Cross Reference: /illumos-gate/usr/src/cmd/filesync/README

	README revision 7c478bd95313f5f23a4c958a745db2134aa03244
#
# CDDL HEADER START
#
# The contents of this file are subject to the terms of the
# Common Development and Distribution License, Version 1.0 only
# (the "License").  You may not use this file except in compliance
# with the License.
#
# You can obtain a copy of the license at usr/src/OPENSOLARIS.LICENSE
# or http://www.opensolaris.org/os/licensing.
# See the License for the specific language governing permissions
# and limitations under the License.
#
# When distributing Covered Code, include this CDDL HEADER in each
# file and include the License file at usr/src/OPENSOLARIS.LICENSE.
# If applicable, add the following below this CDDL HEADER, with the
# fields enclosed by brackets "[]" replaced with your own identifying
# information: Portions Copyright [yyyy] [name of copyright owner]
#
# CDDL HEADER END
#
# Copyright (c) 1995 Sun Microsystems, Inc.  All Rights Reserved
#
#ident  "%W%    %E% SMI"
#
#   design notes that are likely to be of general (rather than
#   merely historical) interest.

Table of Contents

    Overview            what filesync does

    Primary Data Structures
        general principles  why they exist
        key concepts        what they represent
        data structures     major structures and their contents

    Overview of Passes      main phases of program execution

    Modules             list and descriptions of files

    Studying the Code
        active ingredients  a reading list of high points
        the whole thing     a suggested order for everything

    Gross calling structure     who calls whom

    Helpful hints           good things to know

Overview

    The purpose of this program is to compare pairs of directory
    trees with a baseline snapshot, to determine which files have
    changed, and to propagate the changes in order to bring the
    trees back into congruency.  The baseline snapshot describes
    size, ownership, ... for all files that filesync is managing
    WHEN THEY WERE LAST IN SYNC.

    The files and directory trees to be compared are determined
    by a relatively flexible (user editable) rules file, whose
    format (packingrules.4) permits files and or trees to be
    specified, explicitly, implicitly, or with wild cards.
    There are also provisions for filtering out unwanted files
    and for running programs to generate lists of files and
    directories to be included or excluded.
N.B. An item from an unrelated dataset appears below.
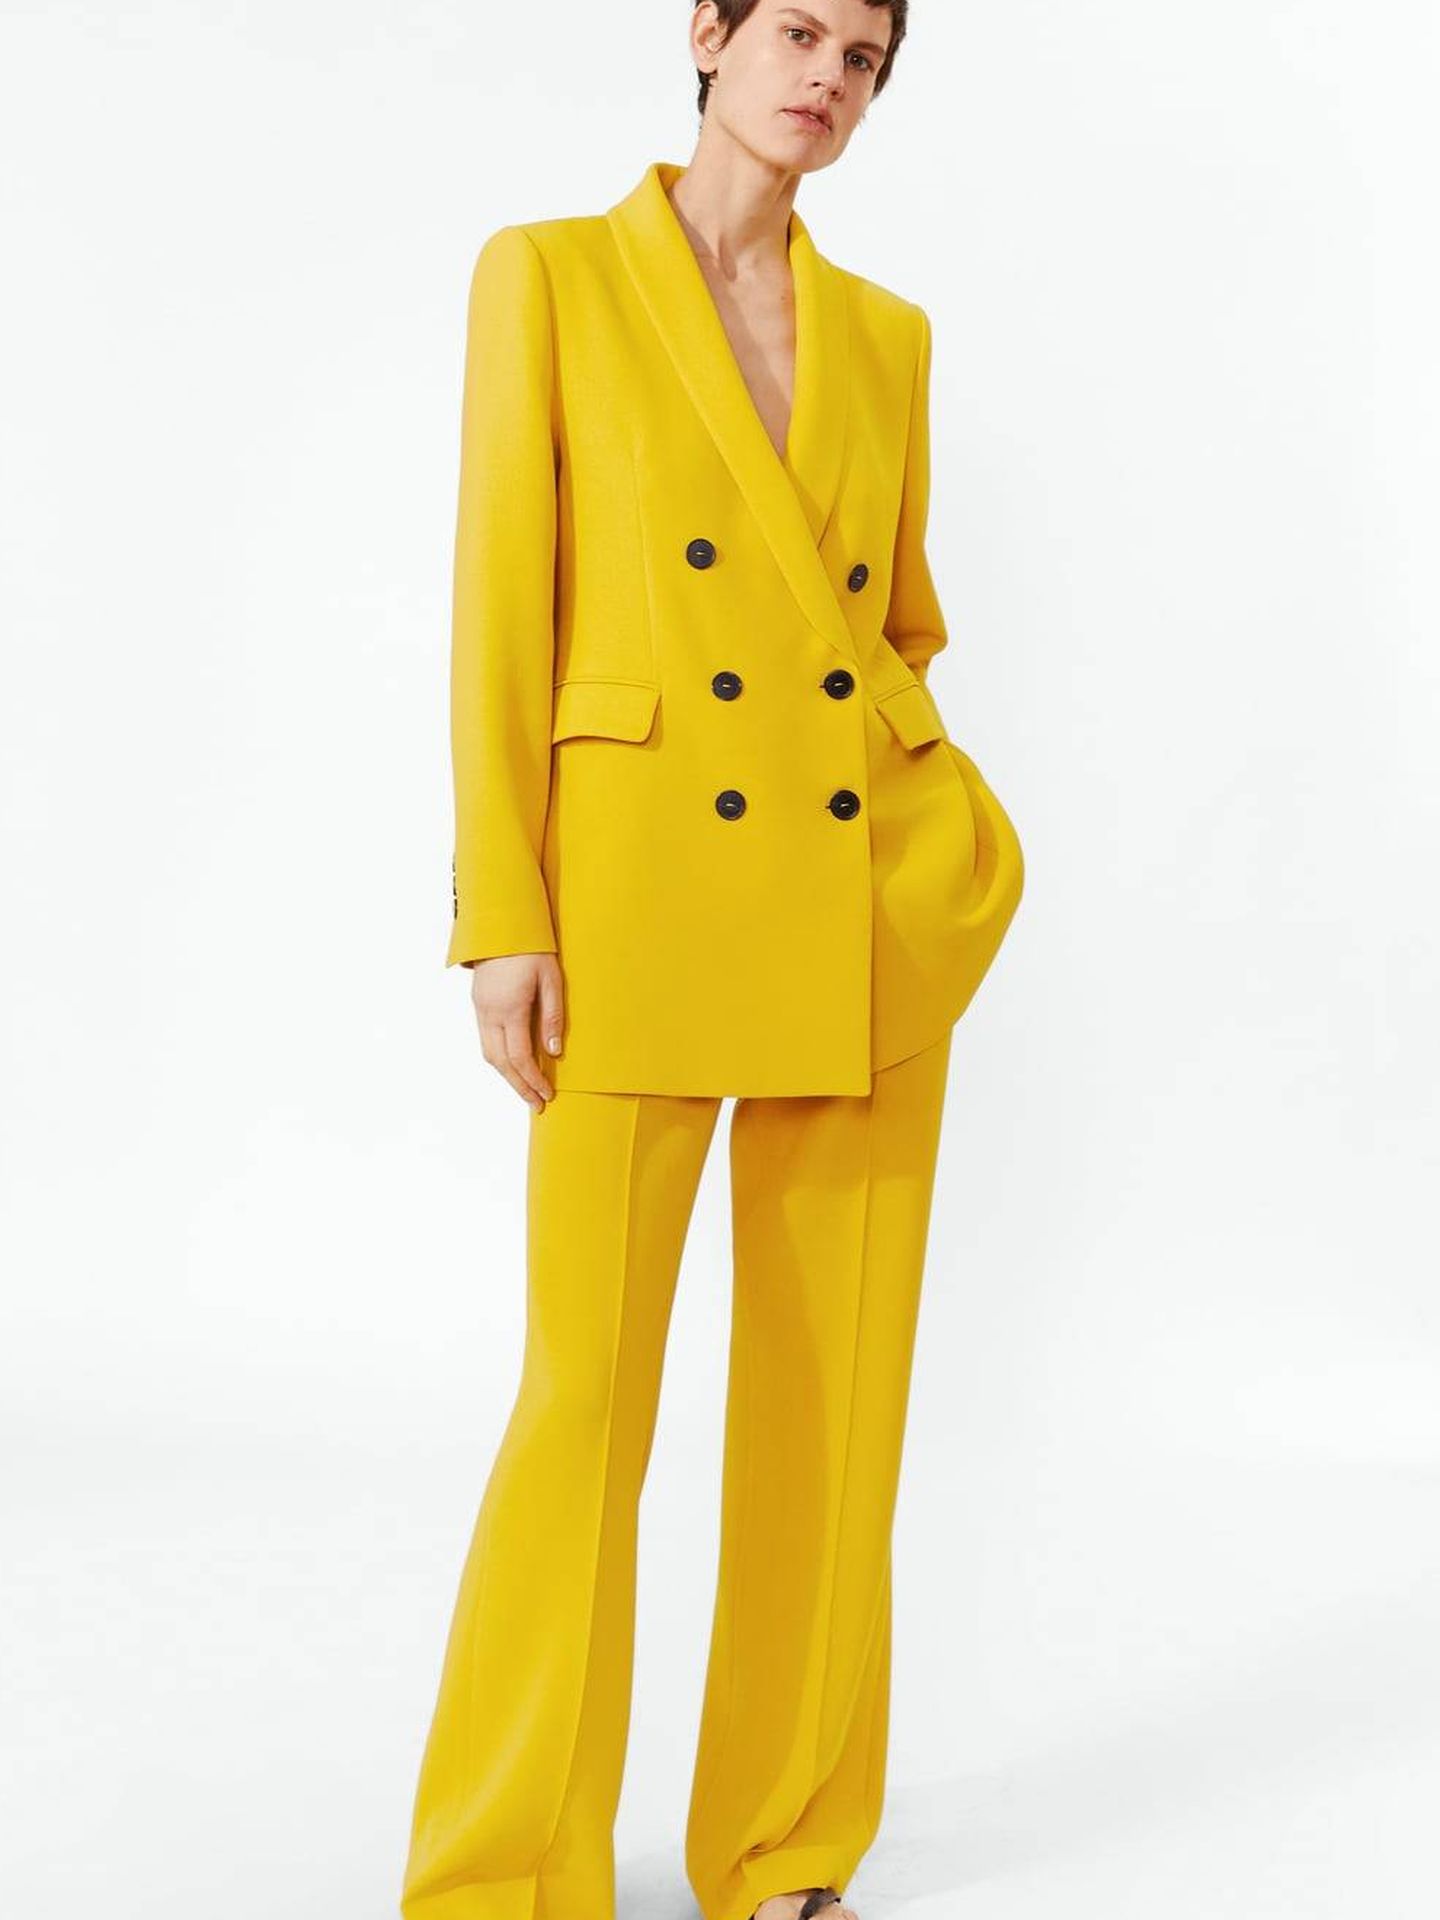 El traje de Vicky Martín Berrocal tal y como se muestra en la shop online de Zara. (Cortesía)

    The comparisons begin by comparing the structured name
    spaces.  For names that appear in both trees, the files
    are then compared on the basis of type, size, contents,
    ownership and protections.  For files that are already
    in the baseline snapshot, if the sizes and modification
    times have not changed, we do not bother to recheck the
    contents.

    The reconciliation process (resolving the differences)
    will only propagate a change if it is obvious what should
    be done (one side has changed relative to the snapshot,
    while the other has not).  If there are conflicting changes,
    the file is flagged and the user is asked to reconcile the
    differences manually.  There are, however a few switches
    that can be used to constrain the analysis or reconciliation,
    or to force one particular side to win in case of a conflict.


Primary Data Structures

    general principles:
        we will build up an in-memory tree that represents
        the union of the name spaces found in the baseline
        and on the source and destination sides.
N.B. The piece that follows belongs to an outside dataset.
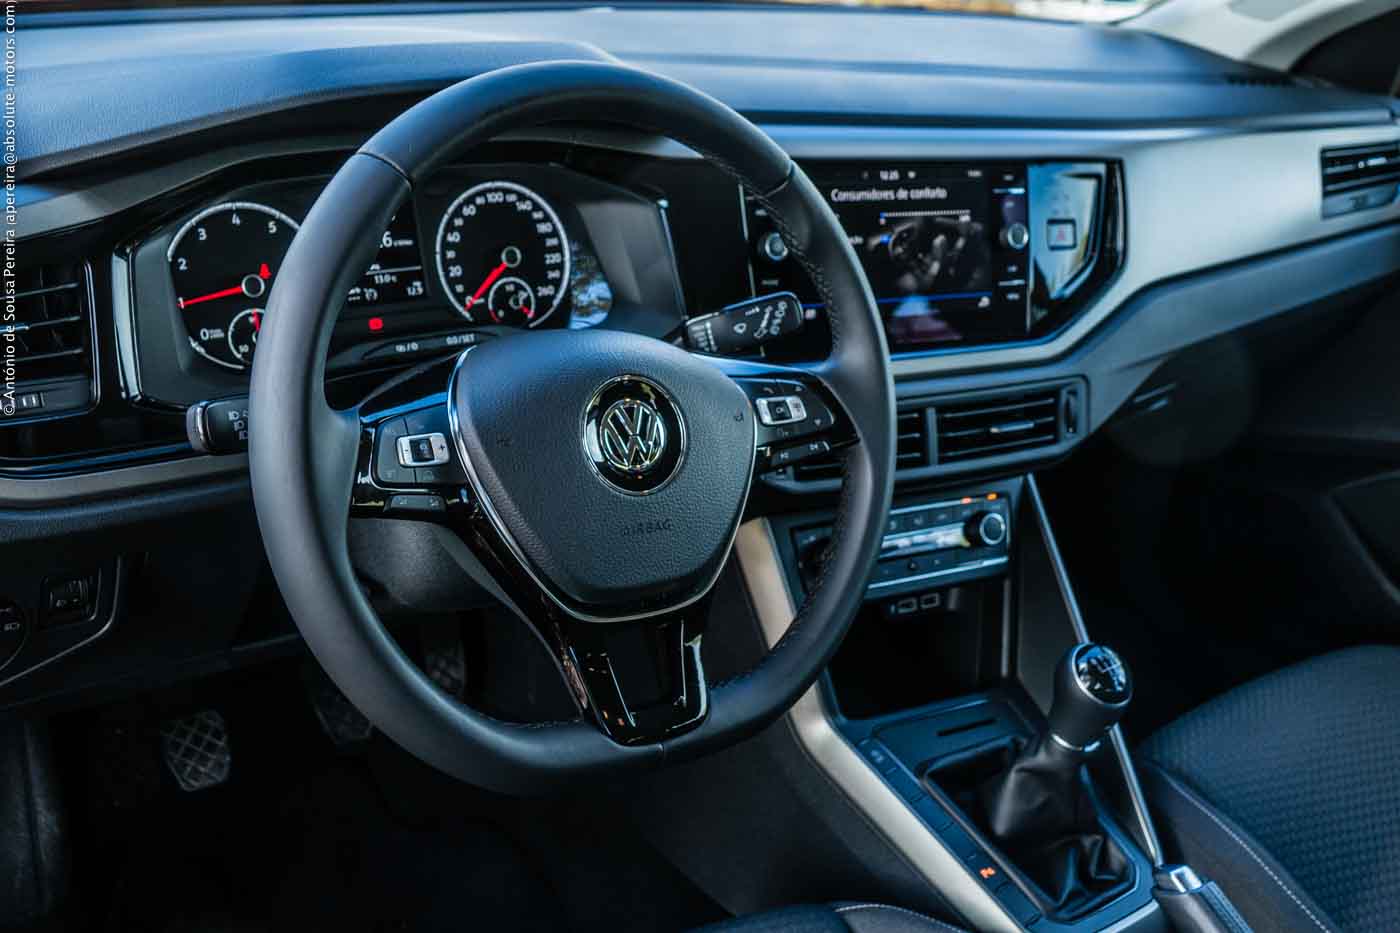 O rigor da montagem e dos acabamentos é um dos elementos decisivos para que o novo VW Polo volto a posicionar-se no topo da classe em termos de qualidade. O equipamento de série devia ser mais generoso, a habitabilidade e a capacidade da mala são refrenciais

        keep in mind that the baseline recalls the state of
        files THE LAST TIME THEY WERE IN AGREEMENT.  If files
        have disagreed for a long time, the baseline still
        remembers what they were like when they agreed.  If
        files have never agreed, the baseline has no notions
        of how they "used to be".

    key concepts:
        a "base pair" is a pair of directories whose
        contents (or a subset of whose contents) are to
        be syncrhonized.  The "base pairs" to be managed
        are specified in the packing rules file.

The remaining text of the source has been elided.